This is one reason why a 16M recordsize (or anything above 4M) should probably be avoided. It’s still unclear if this poses an issue for modern versions of Linux and/or FreeBSD.
But I think why someone might see a diminishing return (or even degraded performance) with recordsizes above 4M is likely due to a simpler reason: parallel processing
As far as I understand with ZFS, computing hashes and (de)compression is a single-threaded per-block operation.

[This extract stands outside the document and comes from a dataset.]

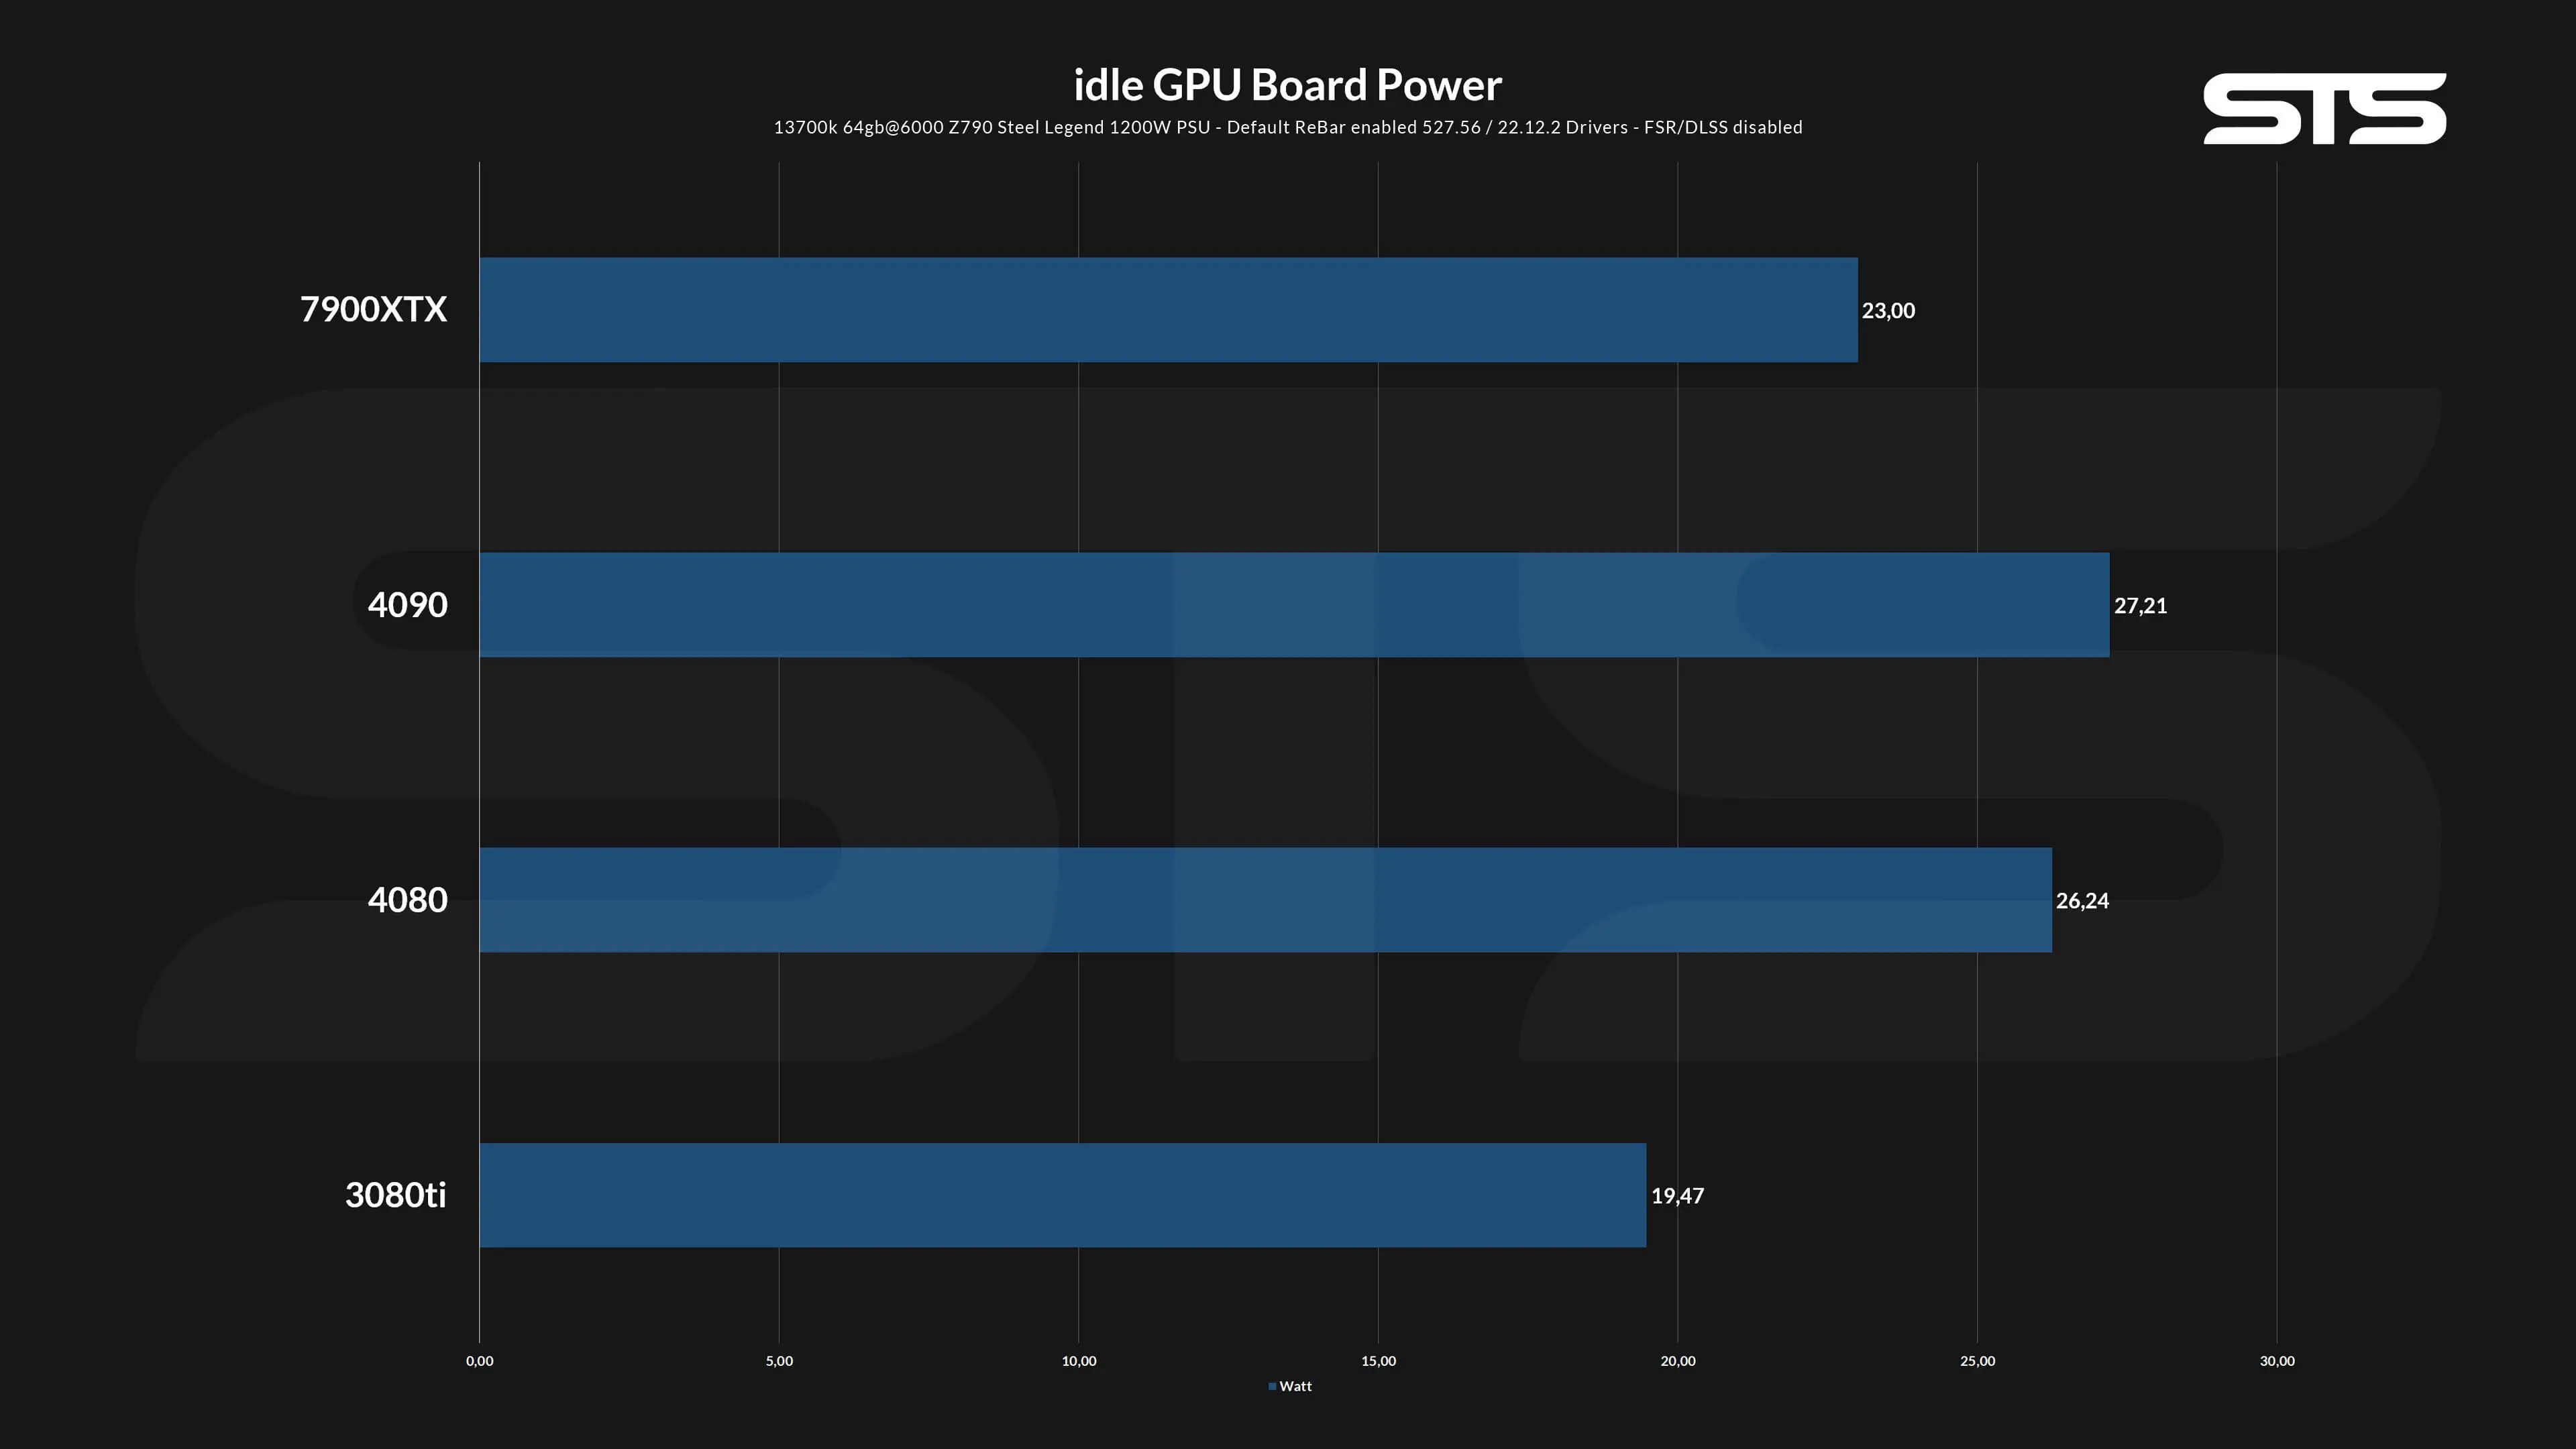 idle_board_power

However, ZFS can process multiple blocks in parallel, which essentially gives you the same performance benefits as outright multithreading.
Compare these scenarios.
Scenario A, 1M recordsize:
To read or write a 16 MiB file, you have 16 checksum operations. 
Scenario B, 2M recordsize:
To read or write a 16 MiB file, you have 8 checksum operations.

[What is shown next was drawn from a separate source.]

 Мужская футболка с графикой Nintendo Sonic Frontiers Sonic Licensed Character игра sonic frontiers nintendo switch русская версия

Scenario C, 4M recordsize:
To read or write a 16 MiB file, you have 4 checksum operations.
Scenario D, 16M recordsize:
To read or write a 16 MiB file, you have 1 checksum operation. 

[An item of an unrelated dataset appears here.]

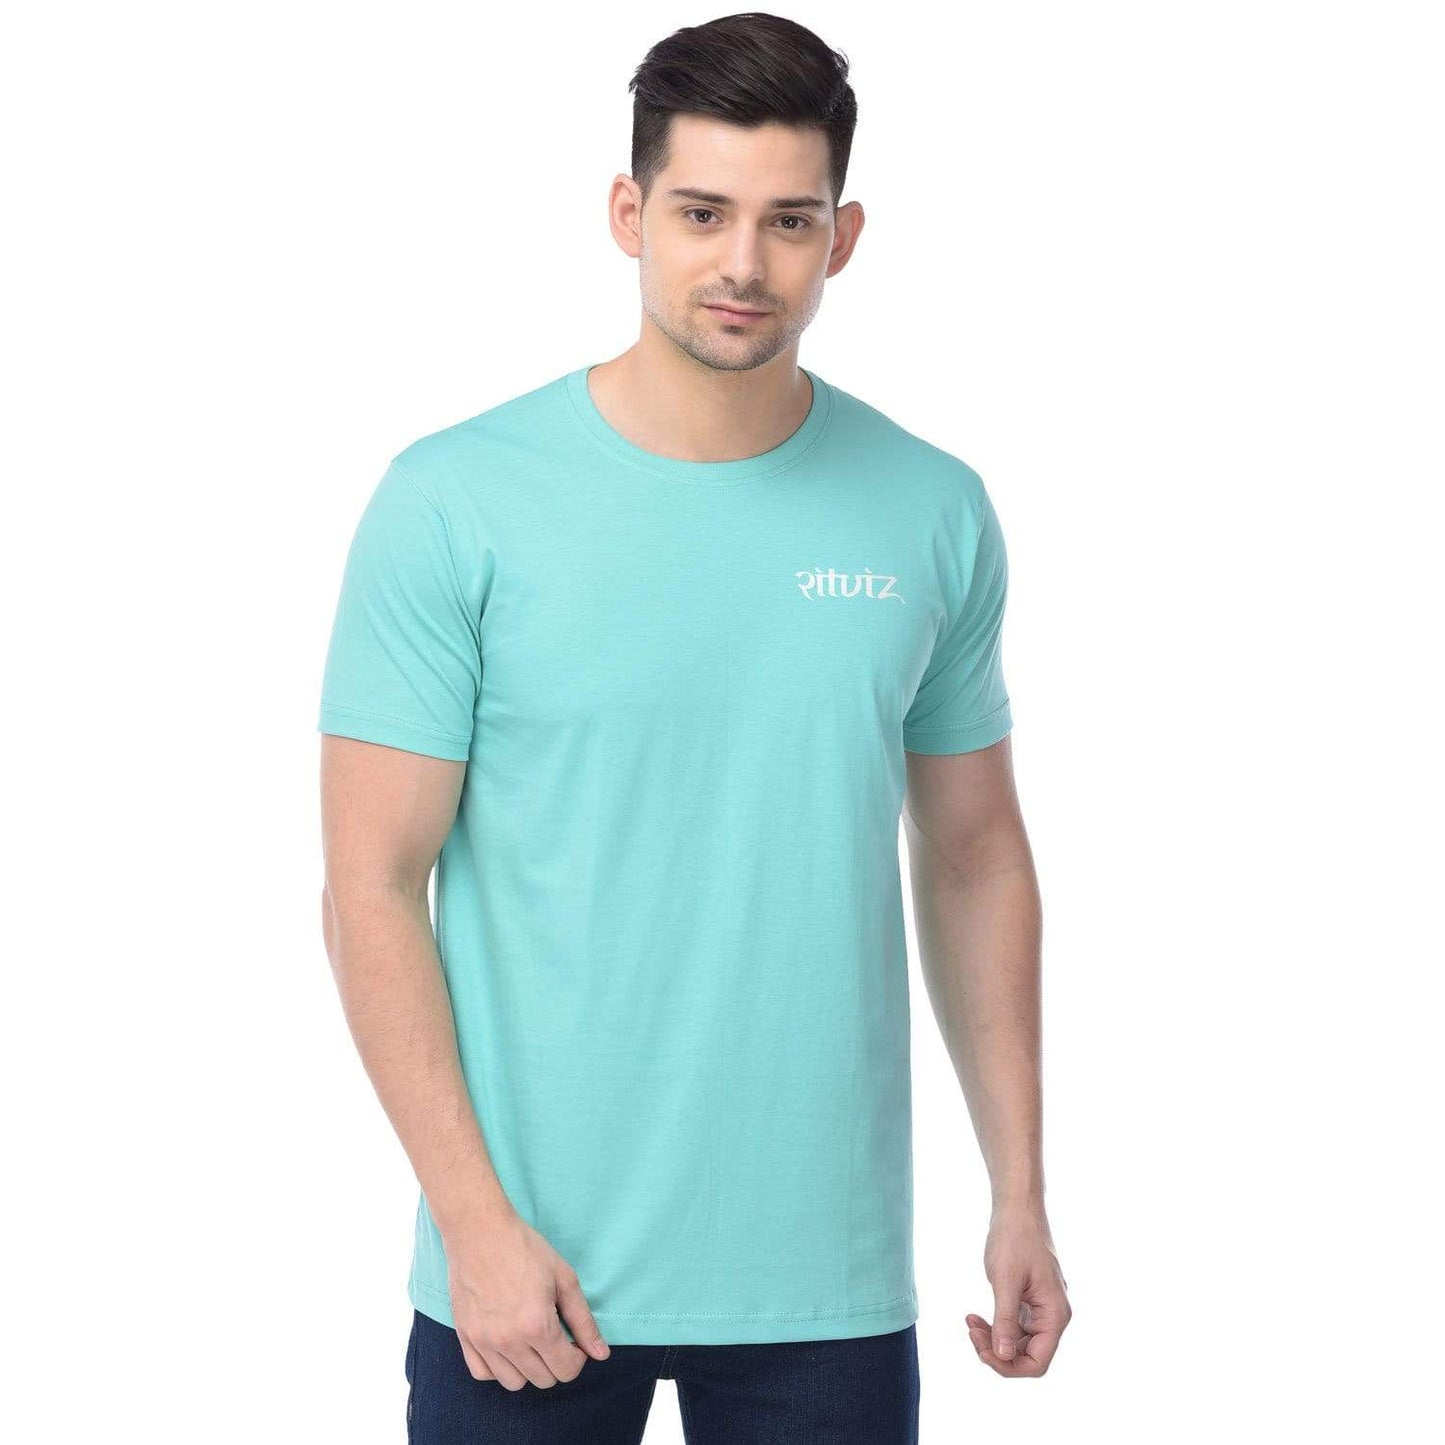 Ritviz - Liggi Unisex T-Shirt

The “sweet spot” for modern multi-core CPUs (and/or with “hyperthreading”) may indeed fall somewhere between a 1M and 4M recordsize, so that there are enough parallel operations, per processed file, to leverage the CPU more efficiently.
*The above would also apply to (de)compression and encryption.
If you have a 16 MiB file, it might sound “better” if it’s only comprised of a single 16 MiB block, and hence you set the recordsize to 16M. However, it’s likely better to have this split into 4 or 8 blocks, to leverage your CPU’s multi-core and hyperthreading features, in which it can process the checksums, compression, and/or encryption with better performance.
Someone like @HoneyBadger is going to jump in here and tell me how wrong I am. I can take it. I’m not insecure…